For a background on the field, I’d recommend reading Henry Mintzberg’s Strategy Safari. Dumb title, but a great book; I think that Mintzberg is one of the best academic theorists on corporate strategy today and all his books are worth reading. HBS publishes a little primer called On Corporate Strategy that is also useful, and the Economist has one of their pocket books on topic that has useful definitions and so forth. Two Economist writers (Mickelthwaite and I can’t remember the other) have written a scathing critique of the consulting industry around corporate strategy, entitled The Witchdoctors which is very entertaining and well written. (Less successful but more popular is their history of the idea of the firm, The Company which I found dull.)

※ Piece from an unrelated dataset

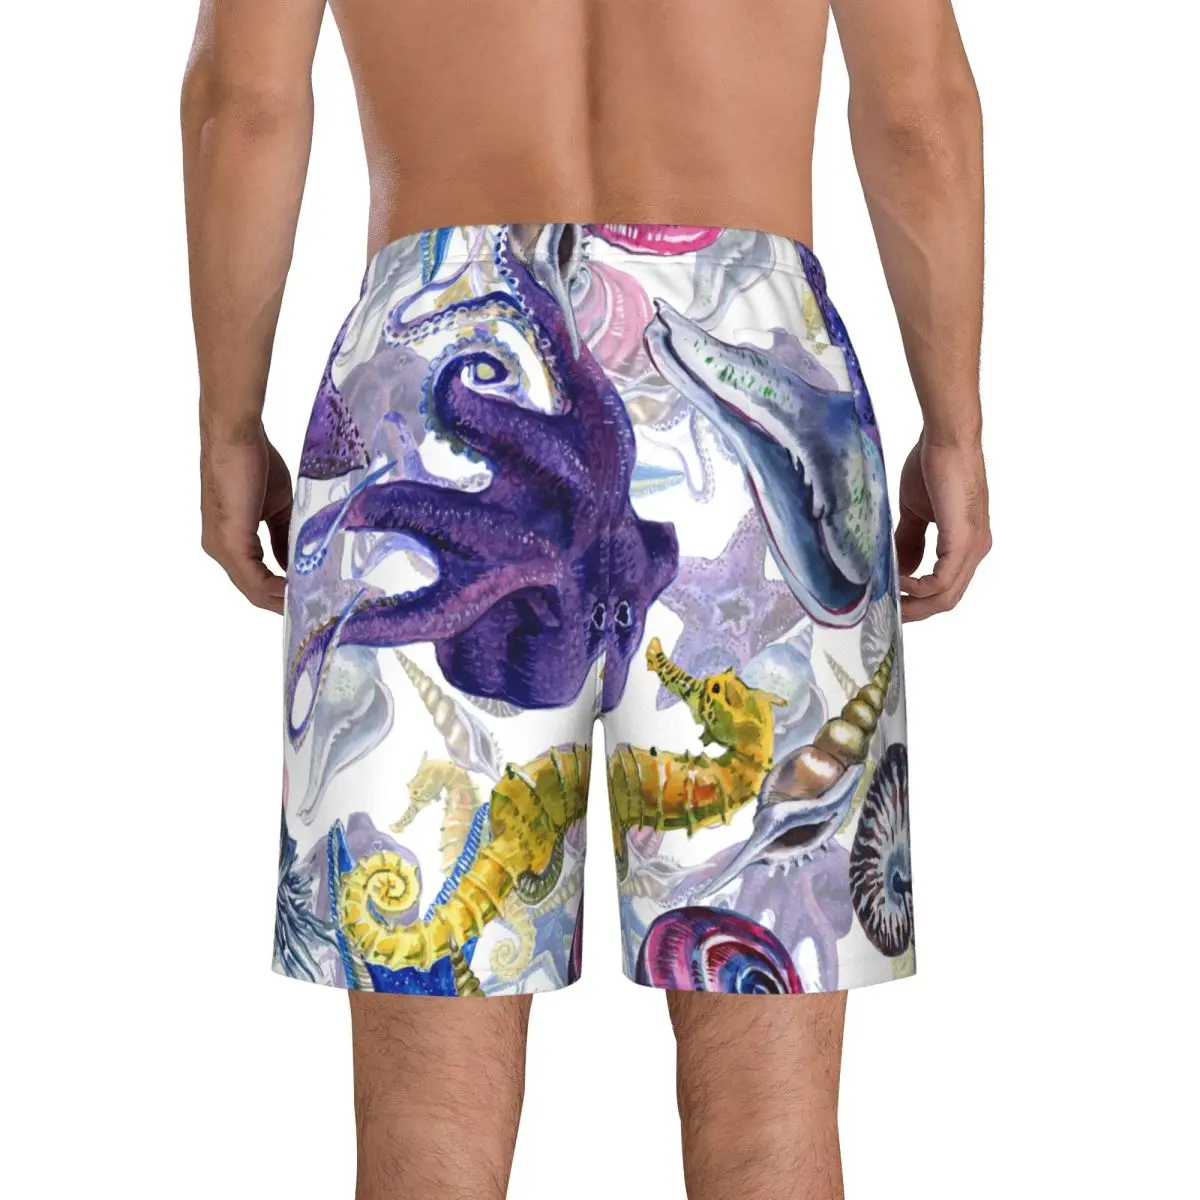 גברים חוף קצר מהיר ייבוש שחייה המטען בצבעי מים חוף צדפים יצורים תת בגדי ים בגדי ים בגד ים קצר - 3

The classics in the field, which everyone refers to but never reads, are about military strategy; they include the Prussian general Clausewitz On War, Liddell Hart Strategy and Sun Tzu The Art of War (the best translation is by a dear teacher of mine, Kidder Smith). I would recommend not reading any commentaries on these; they’re easy enough to read themselves, at least in translation, and the books about them generally suck. If you really want to get into the military side of things, the US Civil War is the interpretive lodestone; there’s a great atlas of Civil War battles that everyone refers to but the name of it escapes me at the moment.
Michael Porter’s corporate strategy books (Competitive Strategy and Competitive Advantage) are supposed to be the canon for corporate strategy, but they don’t do it for me. I always feel like he’s writing about a world that doesn’t exist any more and in contrast to say Peter Drucker (fabulously good), Porter seems dated and of little practical use. But many of his ideas have become so influential that they’re just in the air and so perhaps reading them in their original guise doesn’t have the same impact.

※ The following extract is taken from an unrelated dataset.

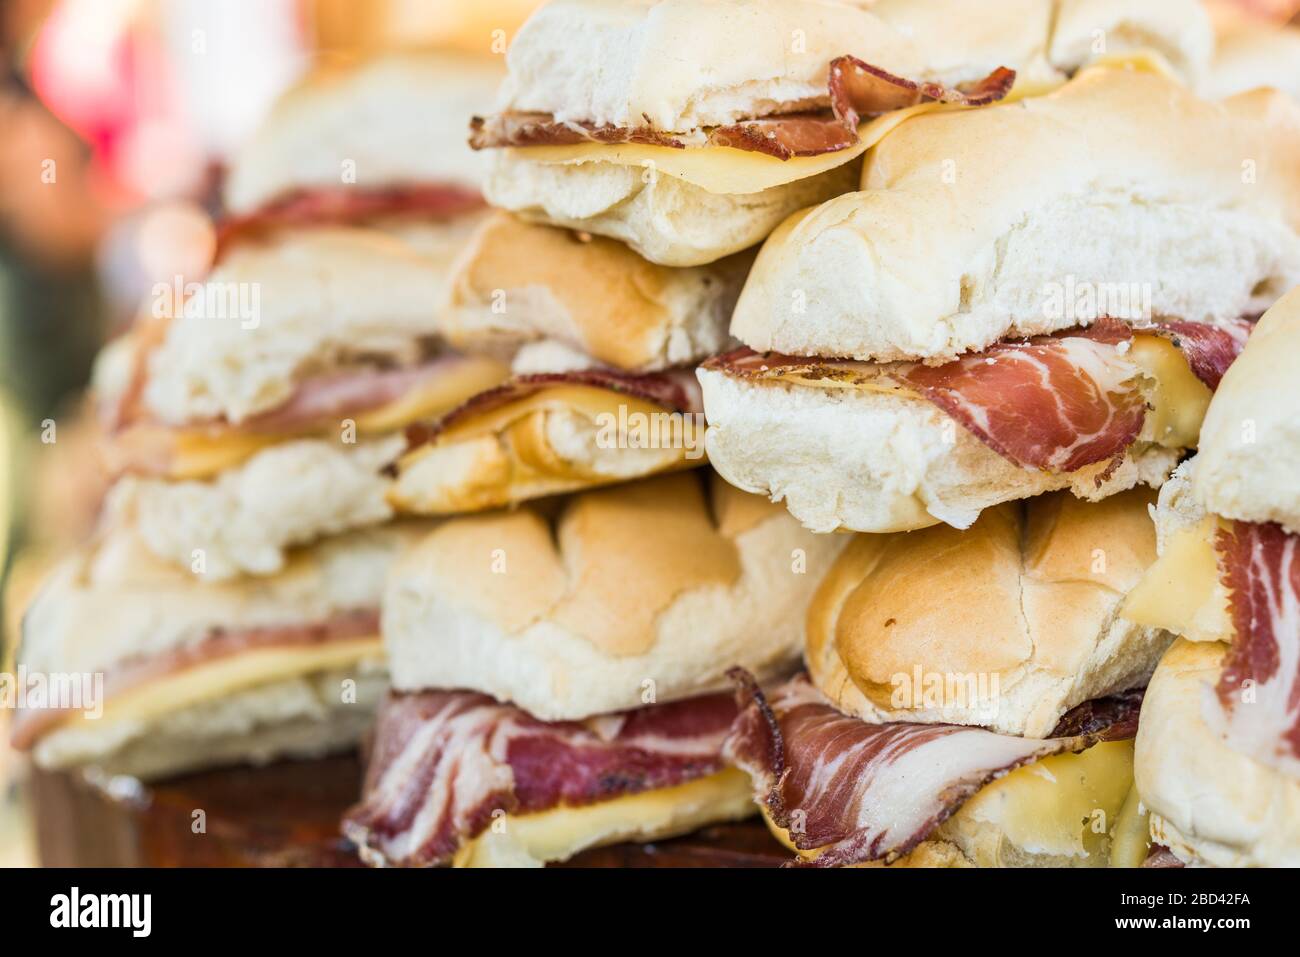 Sandwichs au jambon serrano au fromage et au jamon sur un marché de la nourriture de rue. Banque D'Images

Wharton’s compendium on the topic (I think it’s Dynamic Competitive Strategy, or something like that) is good, serious and useful. Robert Grant has a practical book called Contemporary Strategy Analysis that I’d also recommend. I guess it’s a textbook, too.
I’ve found that van der Heijden’s Scenarios book is also very practical, surprisingly enough. van der Heijden is a part of a movement that emphasizes a formal approach to “scenarios” to think about the future and how to respond — he was in a Shell Oil planning group that famously predicted the oil shocks of the mid-seventies and helped Shell to respond quicker than their competitors. But his book has useful suggestions on how to run workshops to create scenarios. Peter Schwartz (who wrote the excellent Art of the Long View) is another proponent of this approach, which I like, but which I don’t hear about so much these days.
Game theory is another good approach, one with a large literature, albeit very abstract and focused on inter-firm interactions. If you’re interested (“if you’re game…”) you might start with McMillan’s accessible introduction, whose name escapes me at the moment.
Currently, I guess, people like Geoffrey Moore (Crossing the Chasm was the first of his trilogy) and Christensen who wrote Innovator’s Dilemma are widely cited, although they’re more focused on technology and start-ups.
You really need a solid understanding of managerial finance to make valid recommendations; any good textbook will give you the introduction (I like Brearly & Myers, Principles of Corporate Finance but that’s just a user’s bias) and then there’s the excellent Economics of Strategy that I highly recommend; it’s not easy going though. There is a lot of really terrible financial analysis today around technology investment and most “TCO studies” are worthless.